### Work instructions
Print the data exactly. Pictures stay out.

*** Opening Available data ***

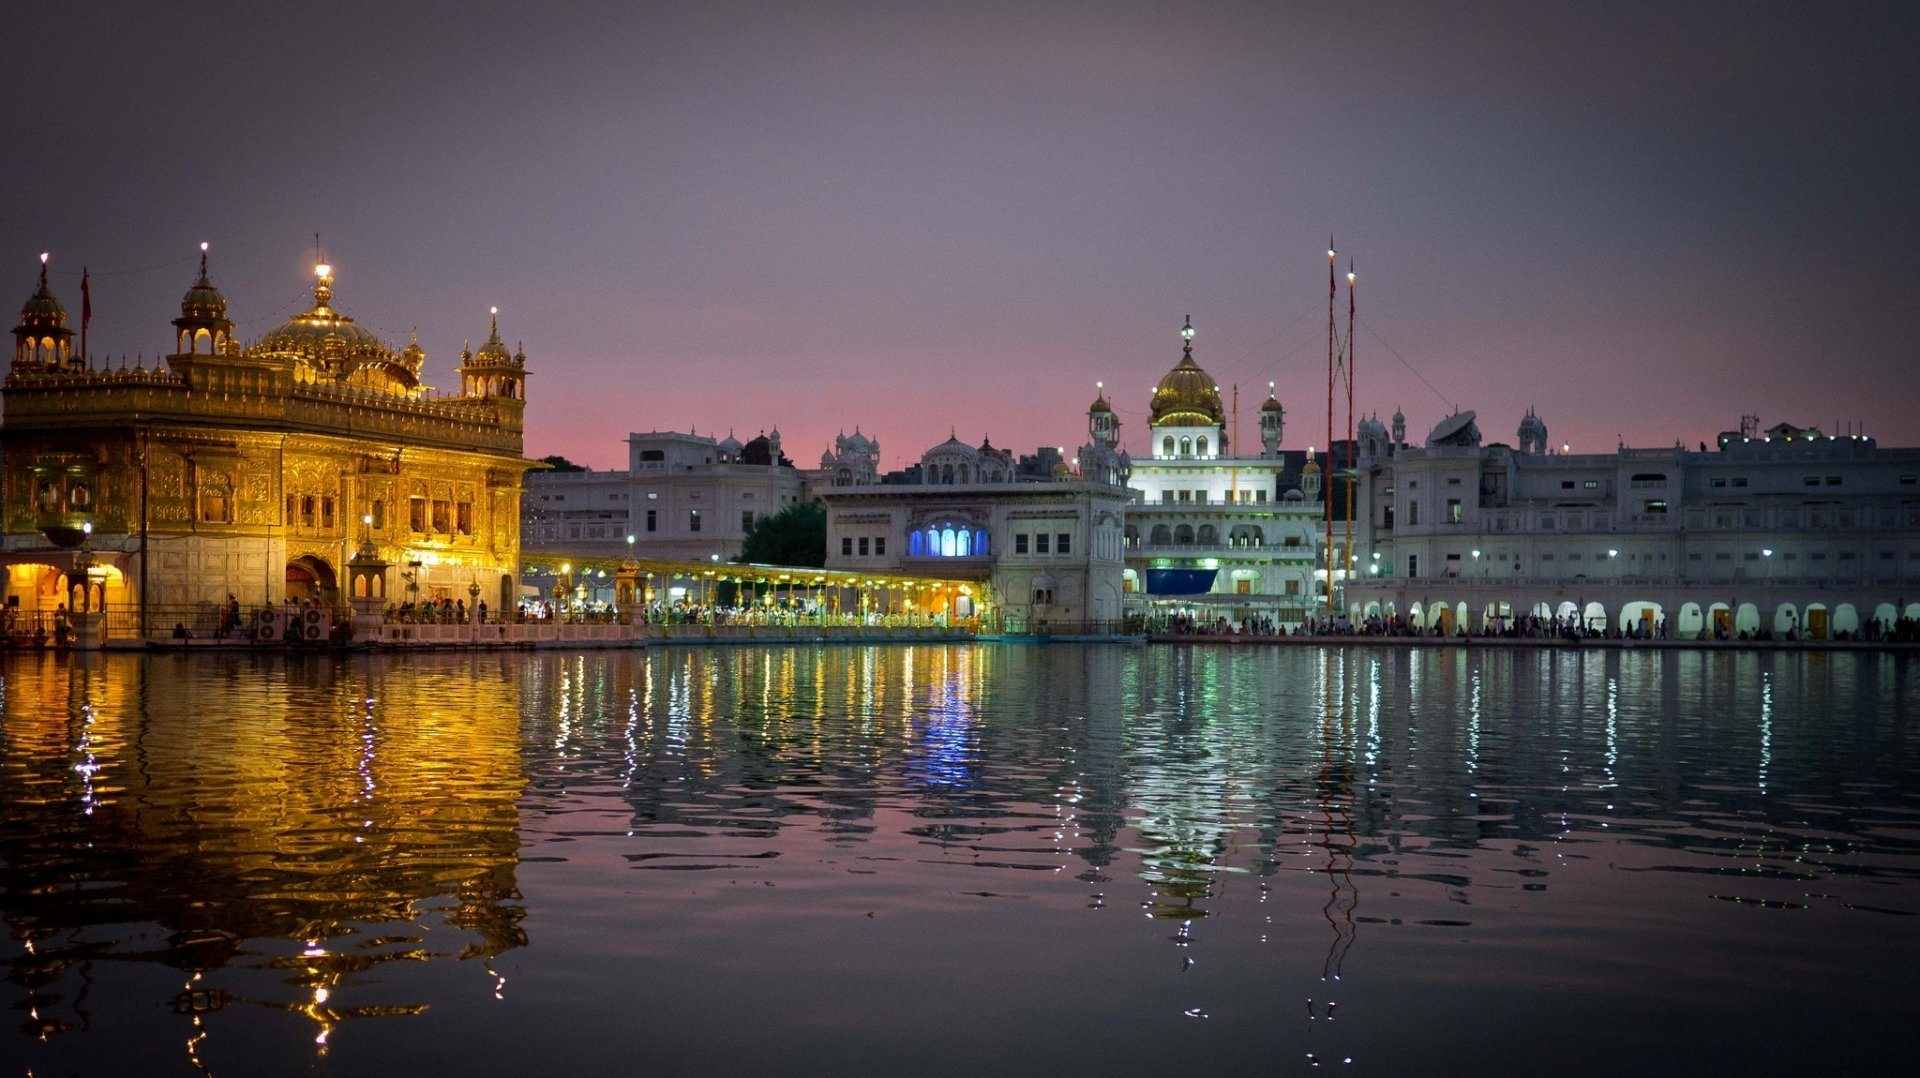 Sikh Wallpapers Hd For Iphone 5 Harmandir Sahib Hd Wallpaper Background Image
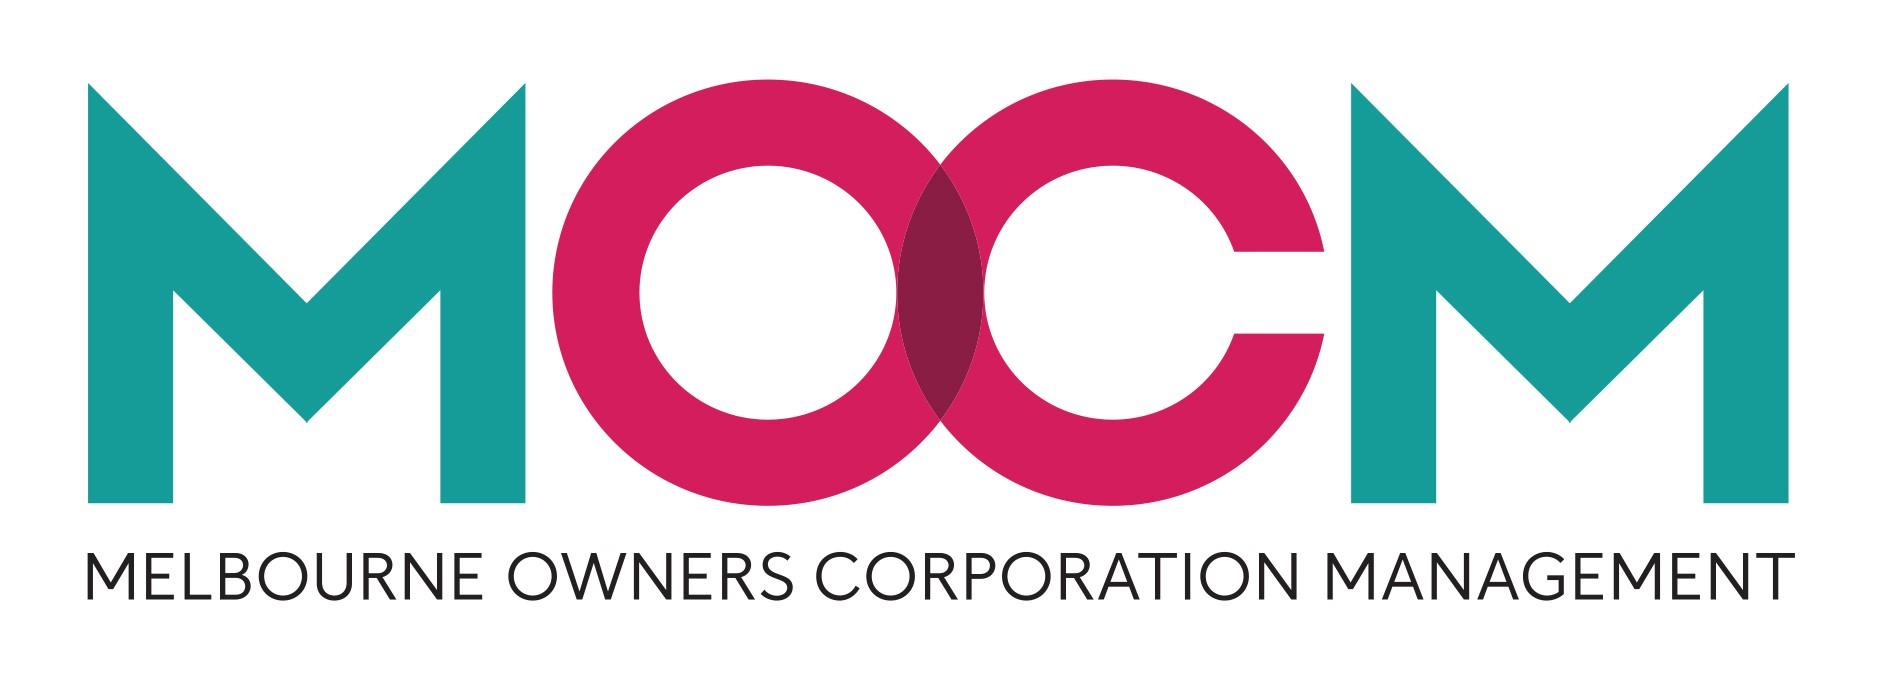 melbourne owners corporation management
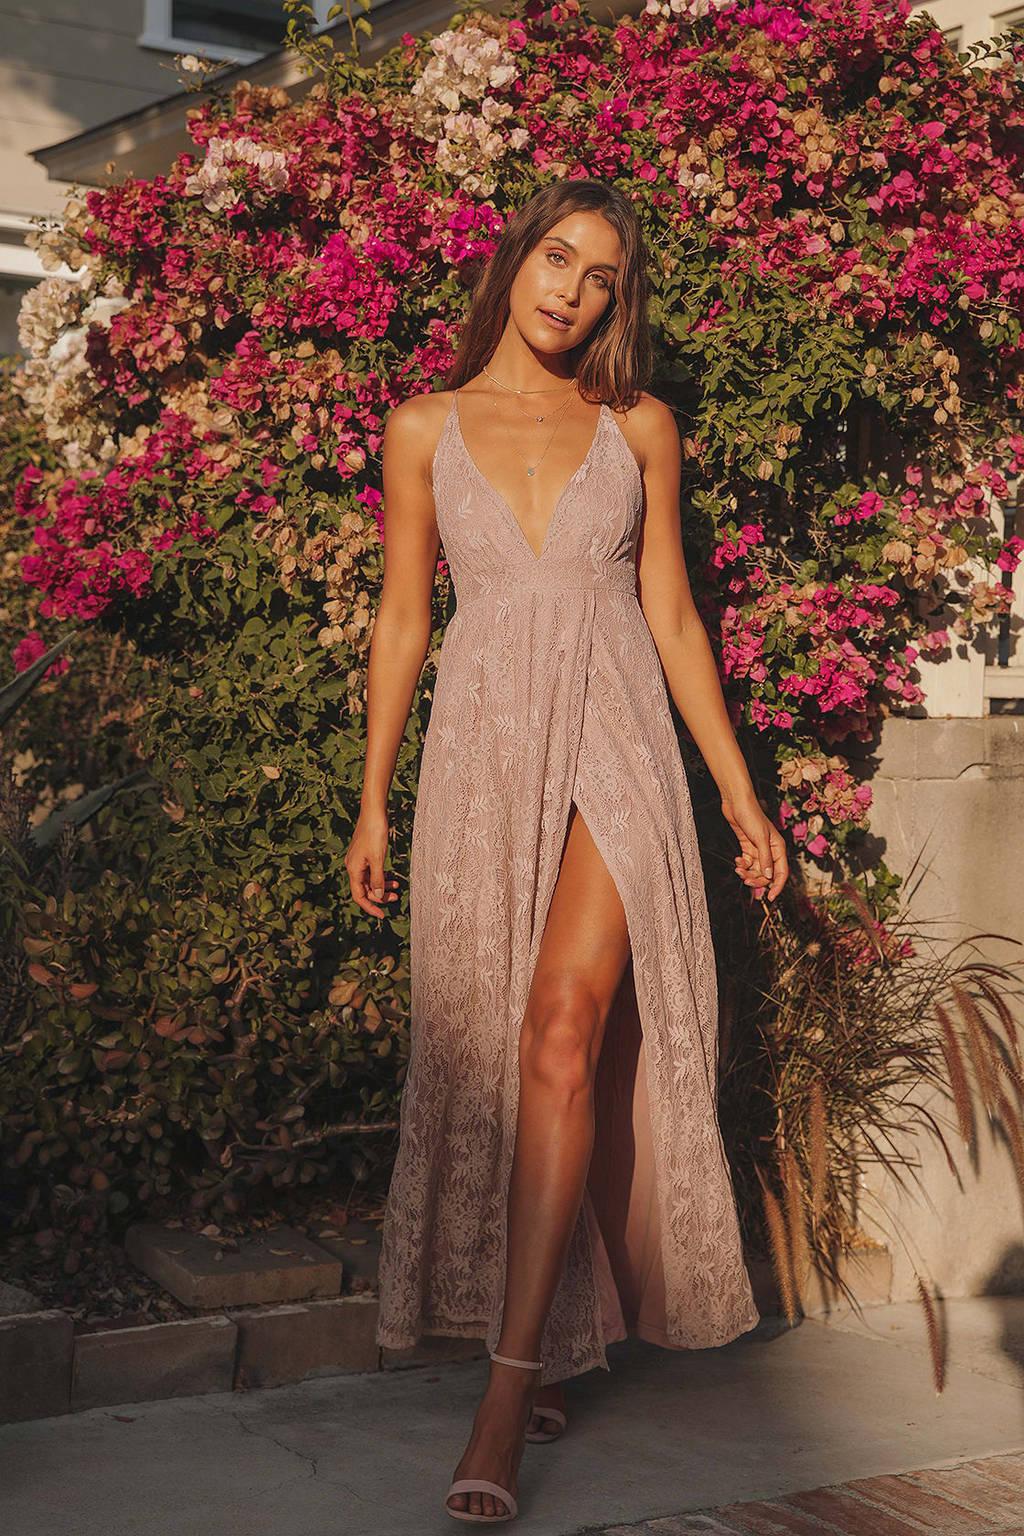 Dusty pink maxi dress from Lulu's

*** Closing Available data ***

### Written reply
 Sikh Wallpapers Hd For Iphone 5 Harmandir Sahib Hd Wallpaper Background Image
 melbourne owners corporation management
 Dusty pink maxi dress from Lulu's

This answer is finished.